5. Design & Implementation
It was decided to use C++ as the implementation language, in order that the Neural Net training algorithms should run as fast as possible. The software was developed in a PC environment in order to work closely with the input data provided by Recycle.
5.1. Overview of software structure
The overall design of the software can be divided into three main sections, which are:
- Pre-processing, which has been implemented in procedural code using global functions.
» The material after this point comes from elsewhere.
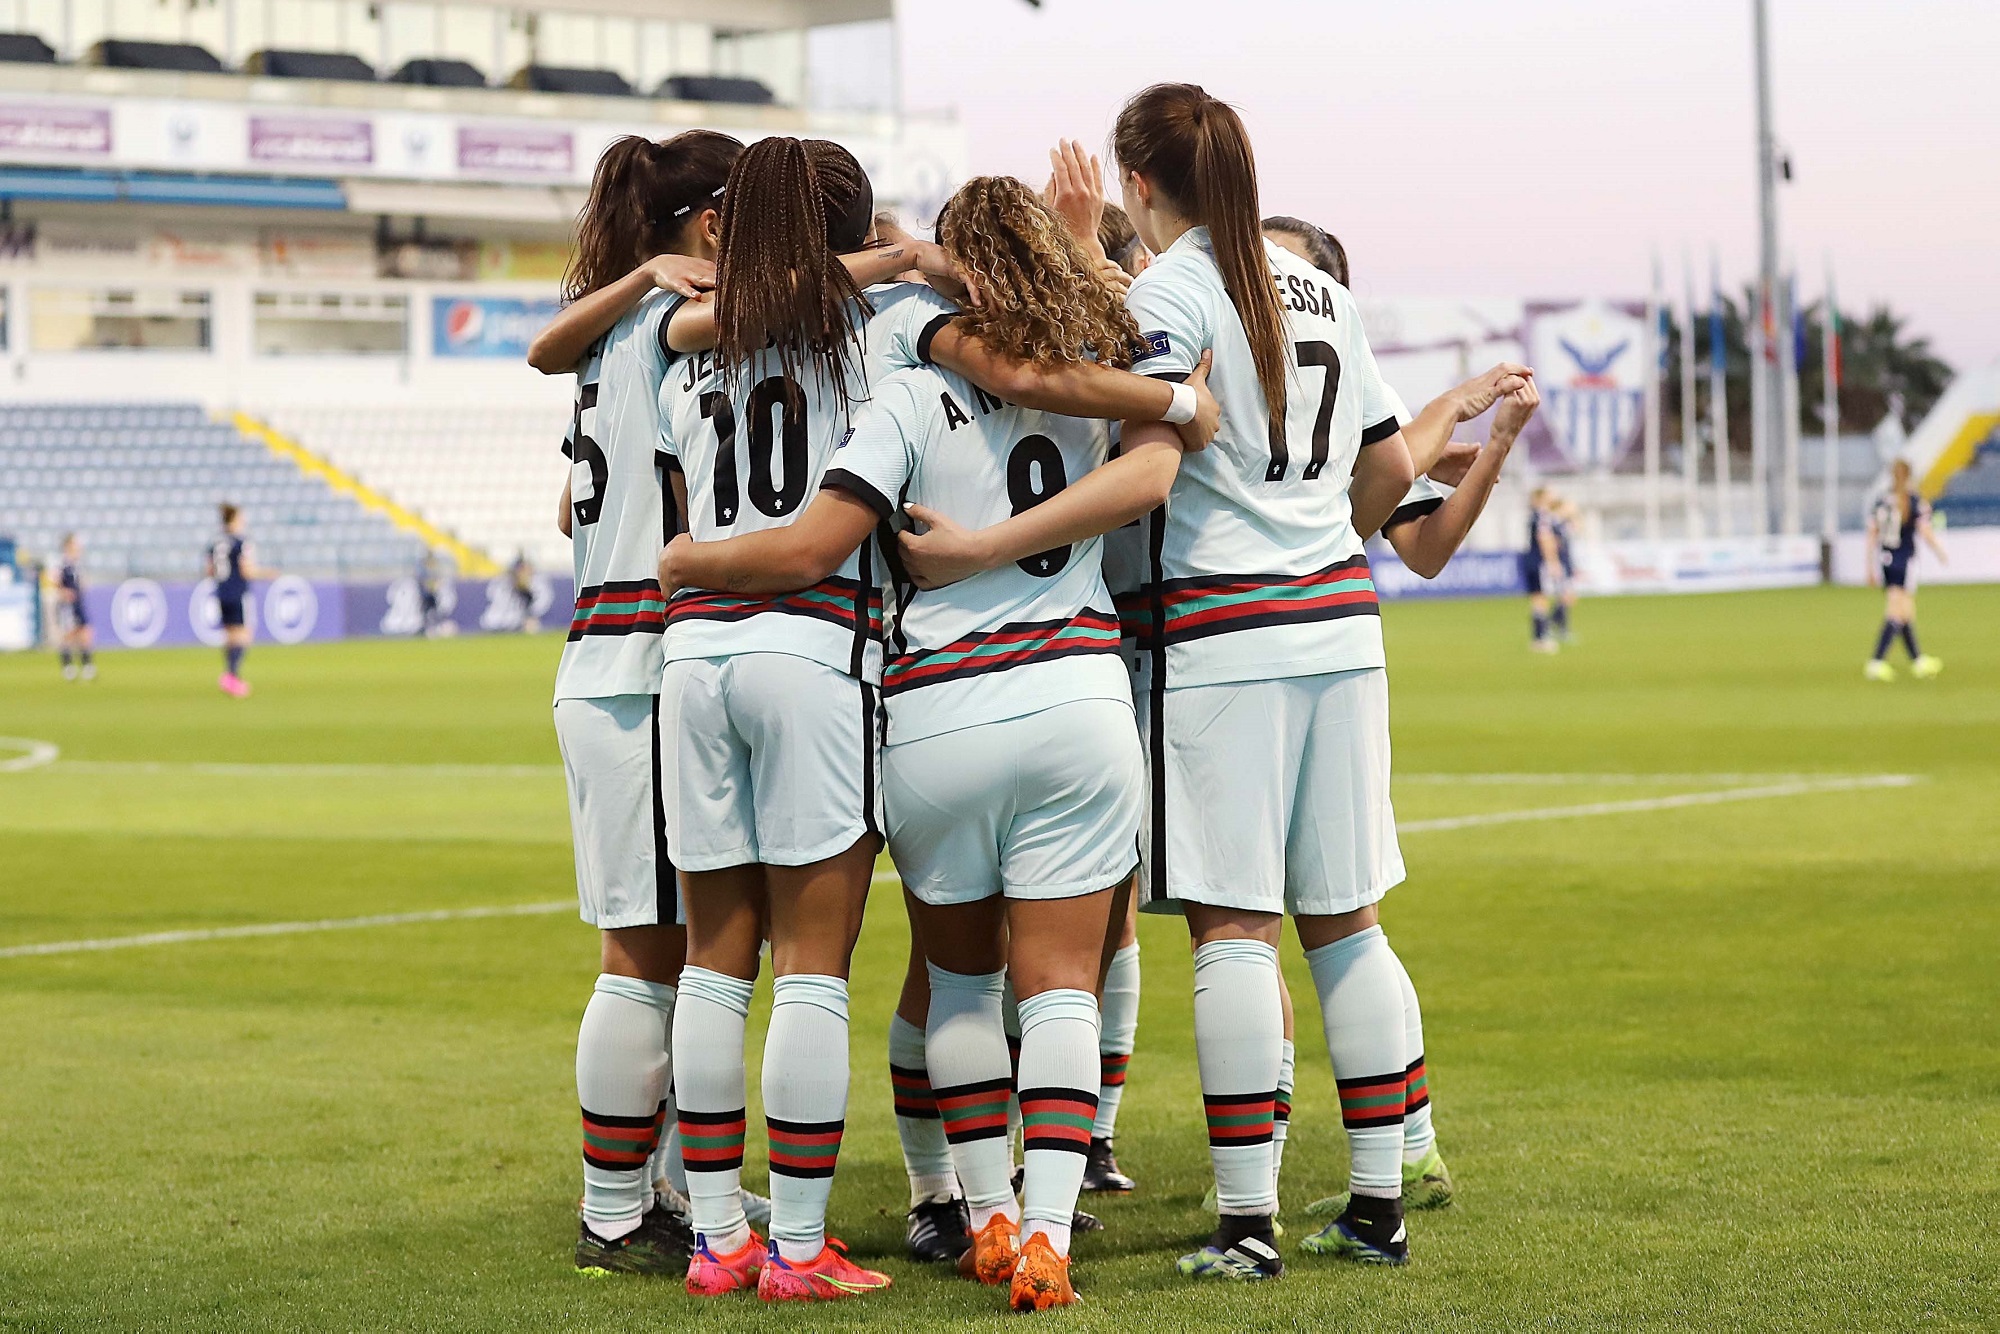 Apesar da vitória, Portugal vai ter de disputar o playoff de apuramento para o Europeu de Futebol Feminino de 2022.

The function main() resides within this body of code and it is from here that all the pre-processing functions are called, and that the network objects are instantiated.
- The Multi-Layer Perceptron. This has been implemented as two classes, the MLP class containing all functions concerning the operation of the network, and the Node class, from which each node in the network is instantiated.
- The Self Organising Map, implemented as the class SOM.
5.2.1. Design of the data structure, TrainingVects
All relevant data relating to each .rcy file read (each sampled break), is stored in the structure TrainingVects, which can be seen in appendix A. This structure includes (for each drum within the break) the quantised FFT vectors, neural net target values, the amplitude value and the frequency of peak magnitude. Each one of these structs is then placed in an array, in order that the complete training data or test data can be passed to each neural net object.
5.2.2. Description of the major functionalities of the pre-processing code
A list of all of the pre-processing functions is given in appendix A. Rather than explain each function individually, the main pre-processing tasks that use these functions are described below.
22.214.171.124. .rcy data reading problems
The layout of data within the .rcy files can be seen in appendix B, only relevant data has been indicated. ReCycle was originally developed for the Mac, therefore data stored in .rcy files is in Mac format. This causes two slight problems in that all integer variables are stored in the reverse to PC format, and floating point variables are not stored in IEEE format. The former problem was solvable by reading all data a byte at a time, then placing the bytes into each relevant variable in correct order. The latter required splitting the Mac stored float variables into mantissa, exponent and sign bits, then repositioning these pieces of data into a float variable in IEEE format (performed by the function floatConvert()).